Oh ok now i dont feel alone. Ive got racks of trimmed, planed off cut pieces. Hundreds of pen blanks. Knife and pistol grip size pieces. I cant throw them out. Ive listed some and cant sell them. Alot if times the shipping is more than the product. Im going to sit on them and maybe someday over the rainbow. !!!!

Reactions: Like 5


----------



## Mr. Peet (Jan 19, 2021)

sprucegum said:


> I have been told that white cedar shavings are good mulch for blueberry plants. Supposed to repel bugs . Never tried it.

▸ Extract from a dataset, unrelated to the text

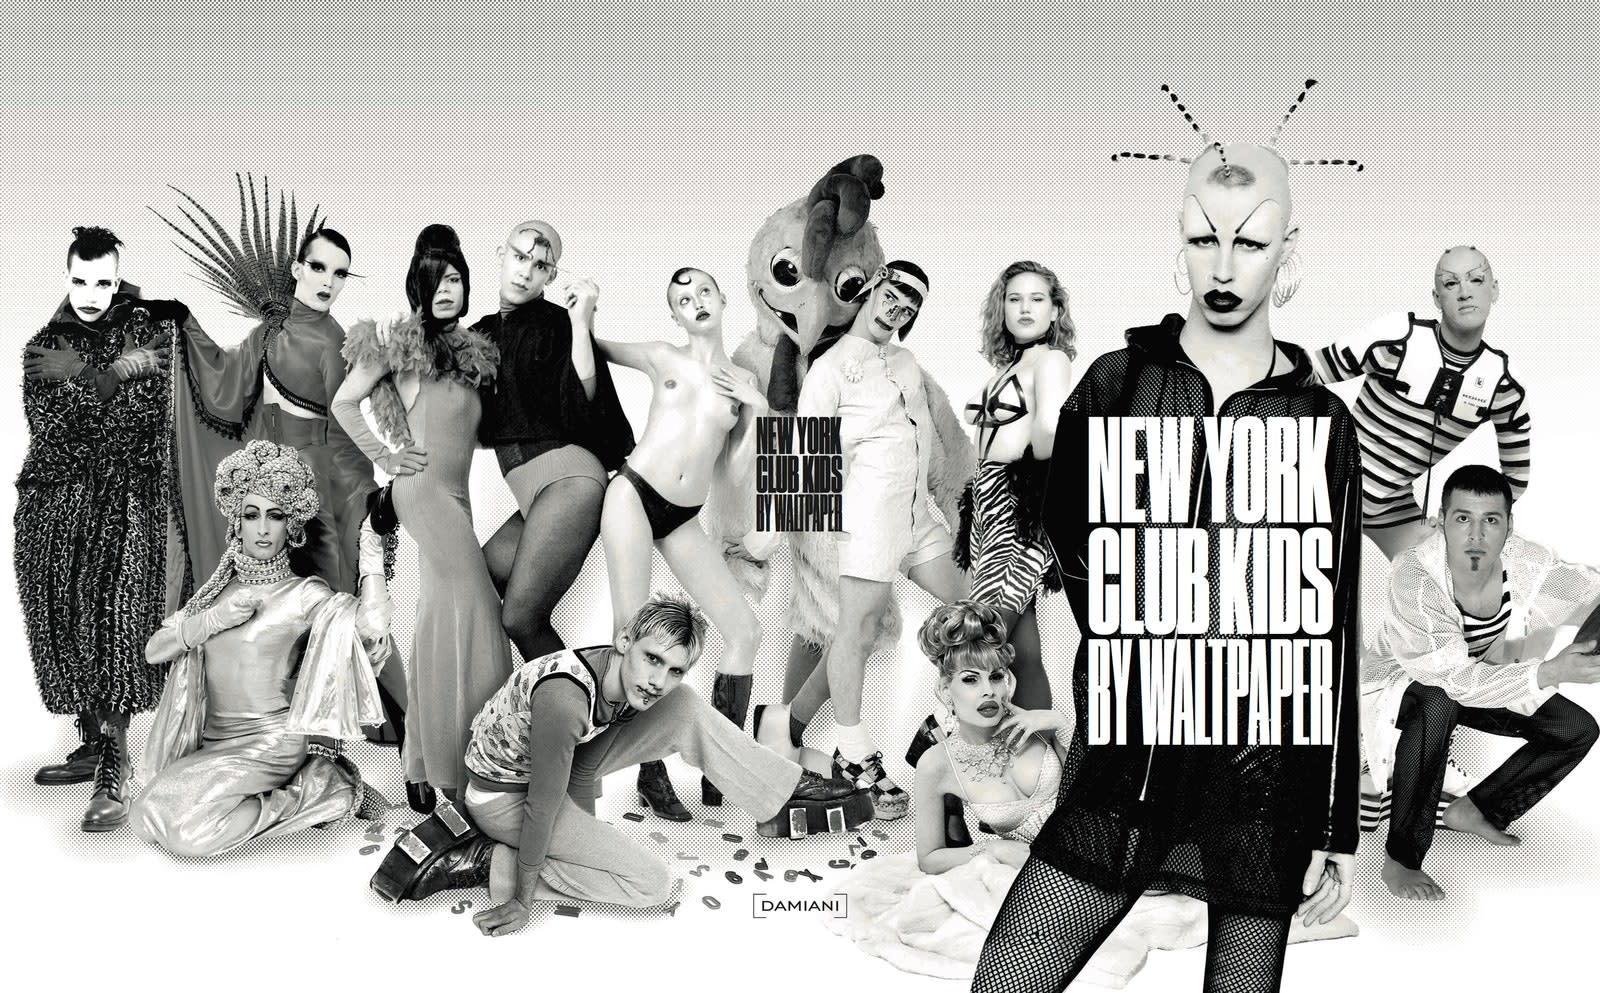 New York Club Kids by Walt Paper

They can be, just be mindful of soil ph. The junipers are supposed to detour bugs more. Down side is timing. Wet the mulch, otherwise moles and voles and rabbits will nest.


----------



## Mike Hill (Jan 20, 2021)

Gary Schuler said:


> Oh ok now i dont feel alone. Ive got racks of trimmed, planed off cut pieces. Hundreds of pen blanks. Knife and pistol grip size pieces. I cant throw them out. Ive listed some and cant sell them. Alot if times the shipping is more than the product. Im going to sit on them and maybe someday over the rainbow. !!!!


----------



## Mike Hill (Jan 20, 2021)

Maverick said:


> I am going to try and translate what Mike said into English....You are on Woodbarter surrounded by normal woodworks who love wood. Thus you are normal and nothing to be concerned about. Relax and enjoy your hobby!!


Wish I knew how to do that!!!!

Reactions: Like 2


----------



## Maverick (Jan 20, 2021)

Mike Hill said:


> Wish I knew how to do that!!!!



BTW Mike, I love your prose when you wax eloquently. Keep it up.

Reactions: Thank You! 1 | Agree 1 | Funny 2


----------